Originally posted by Dean Dean wrote:

Originally posted by Equality 7-2521 Equality 7-2521 wrote:

It's amazing how people defend the income tax like it's their child. 
I'm not defending income tax - I'm trying to see why consumption tax is any better, and Rob's responses thus far haven't done that. All I get is we already have a consumption tax and that's not an answer that convinces me of anything.


I did give reasons why a consumption tax is better than an income tax, but you didn't get one of them, you said you weren't sure what I meant about another one, and a third one you conceded was a "plus" for consumption tax.

You "passing" on the good reasons I gave isn't the same as saying I didn't have good reasons.
Sorry, I didn't realise they were the main reasons, I thought they were just the icing on the cake - I was hoping for something more substantial.
 
I'm not getting involved in privacy of earnings discussions because I believe it is a divisive method of wage control that protects the empoyer more than the employee. I would imagine that no one else on this planet would have that view, so I don't see any point in discussing it wrt consumption tax.
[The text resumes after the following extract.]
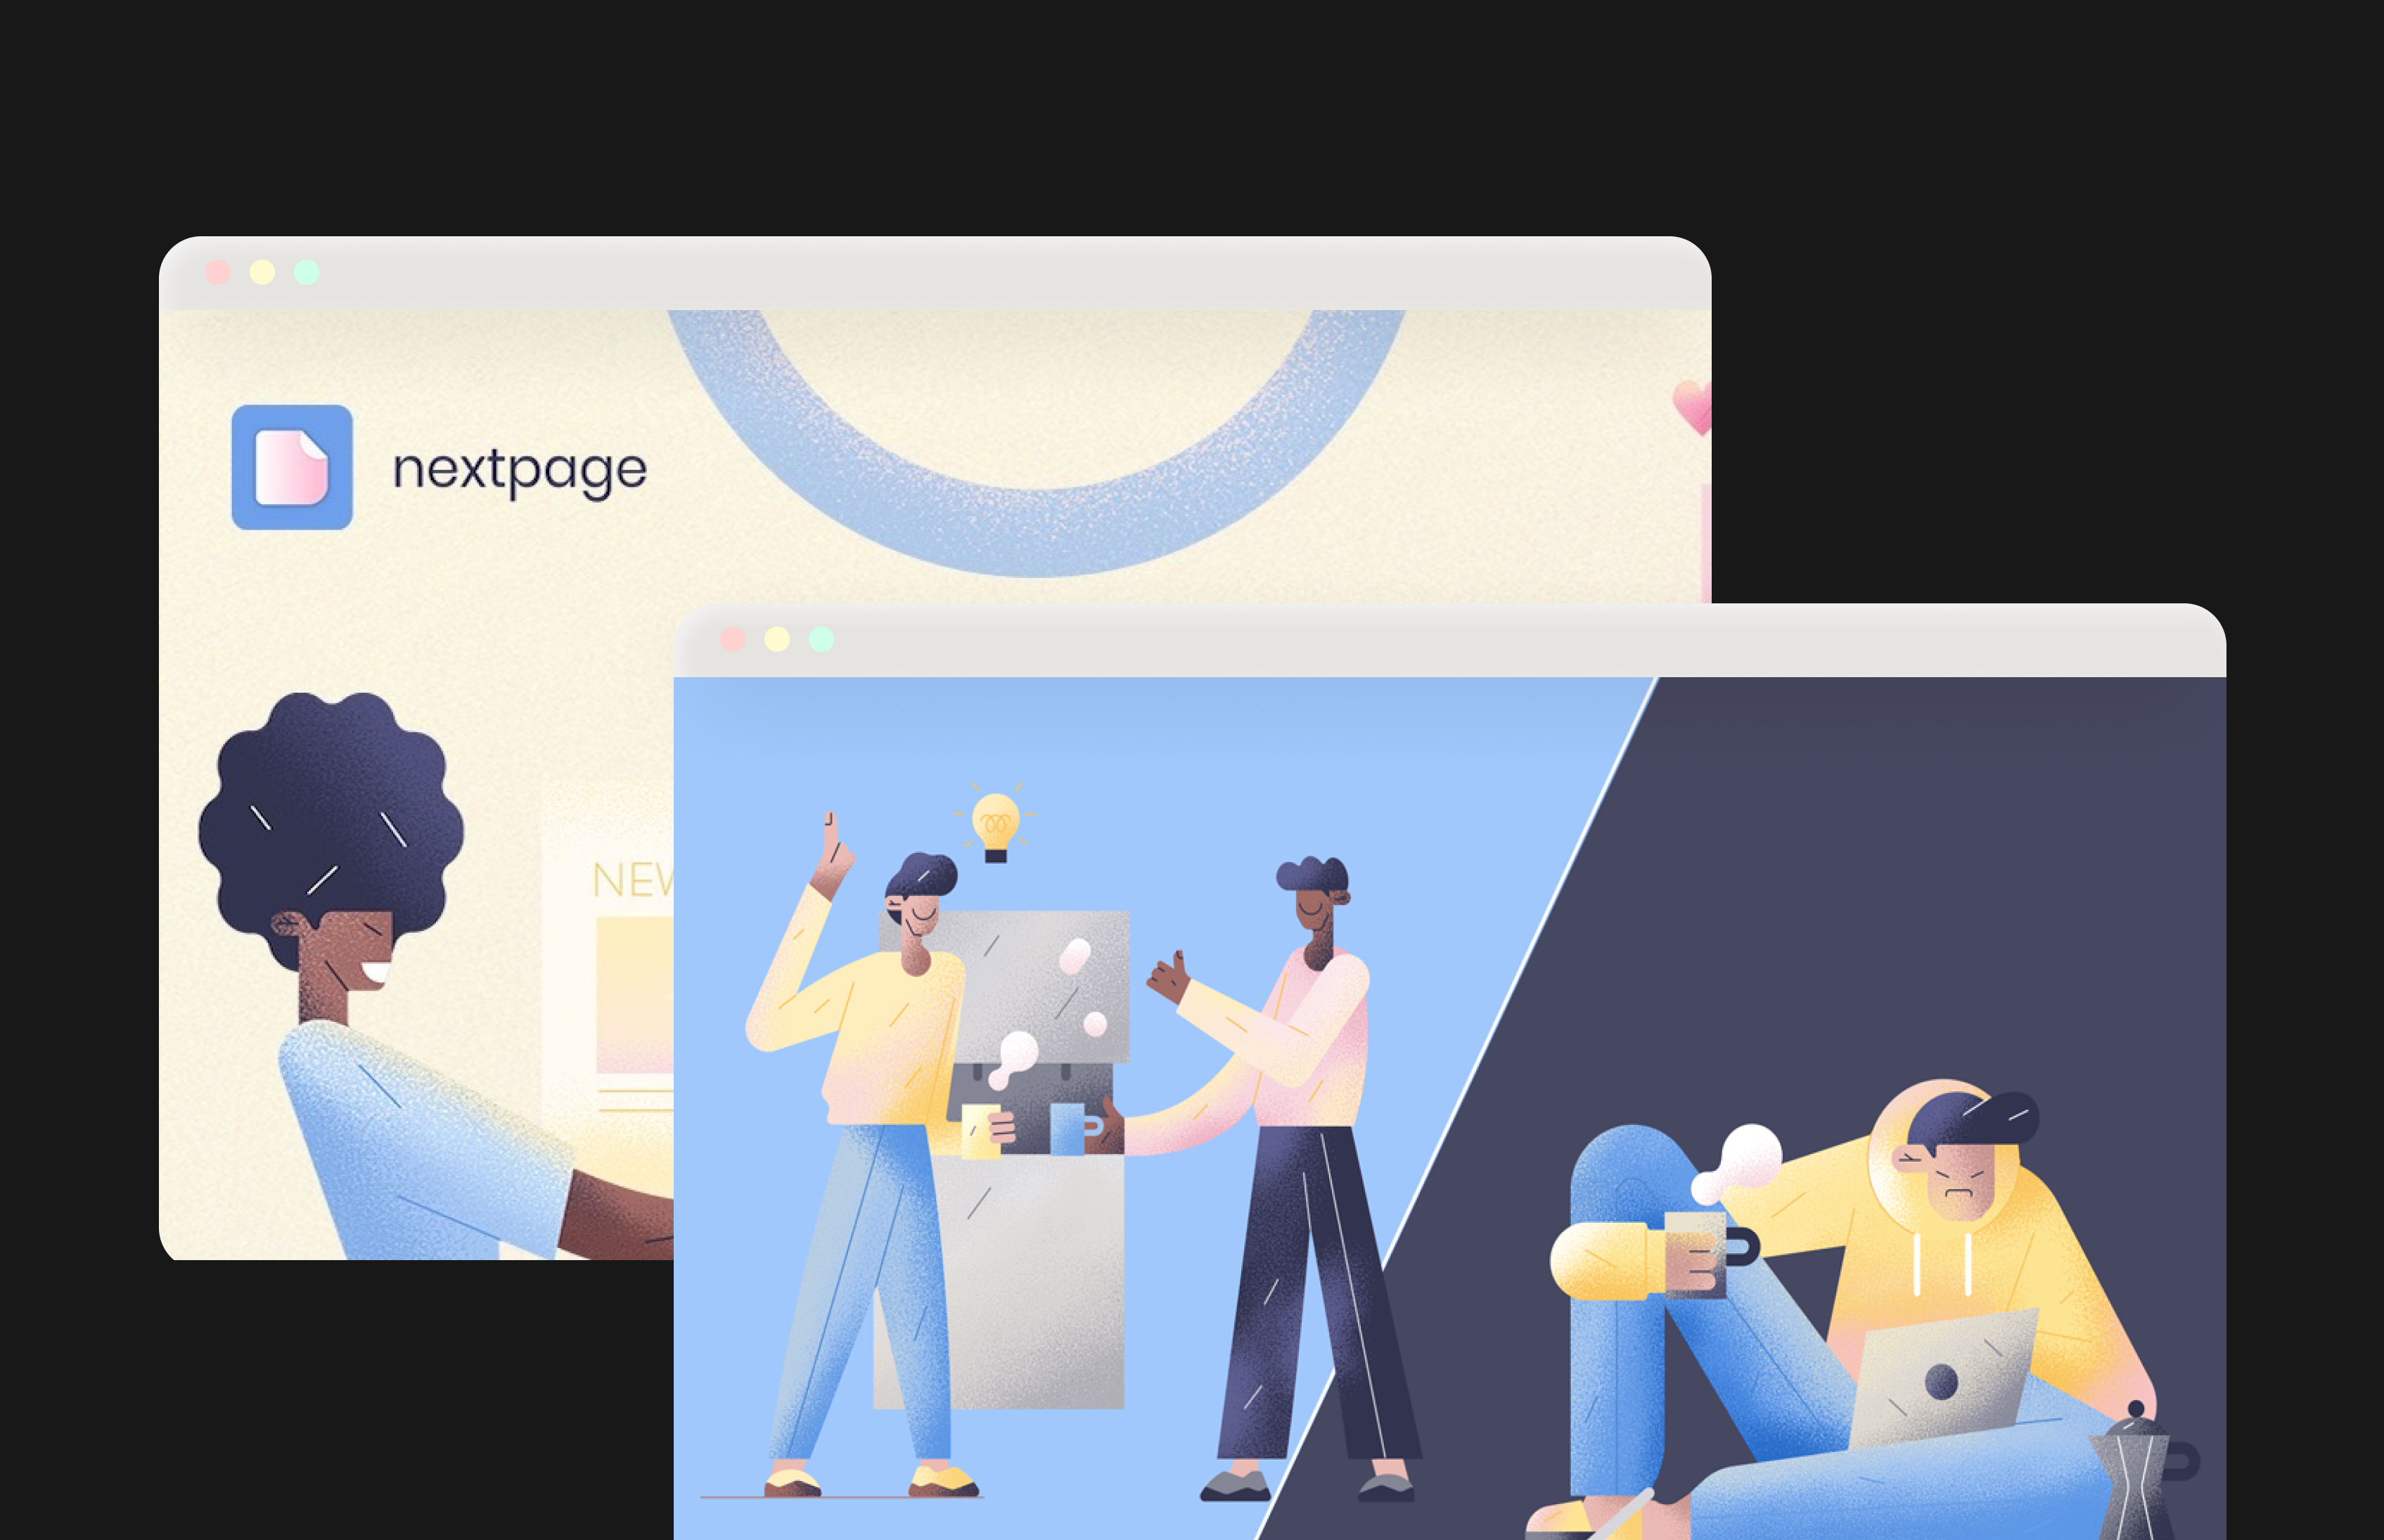 Tinder для коллег: расширение NextPage поможет найти общий язык в команде

If that's being dismissive, then so be it.
 
Eventhough the venture capitalists who own the company I work for are American, I'm not in America and I don't have an American paycheque with the same deductions as you - my deductions are income-tax, pension and national insurance - eliminating income-tax only removes one of those deductions from my payslip - so when I say "Not sure what you mean by eliminating deductions" that's pretty much what I mean. If that's being dismissive, then so be it.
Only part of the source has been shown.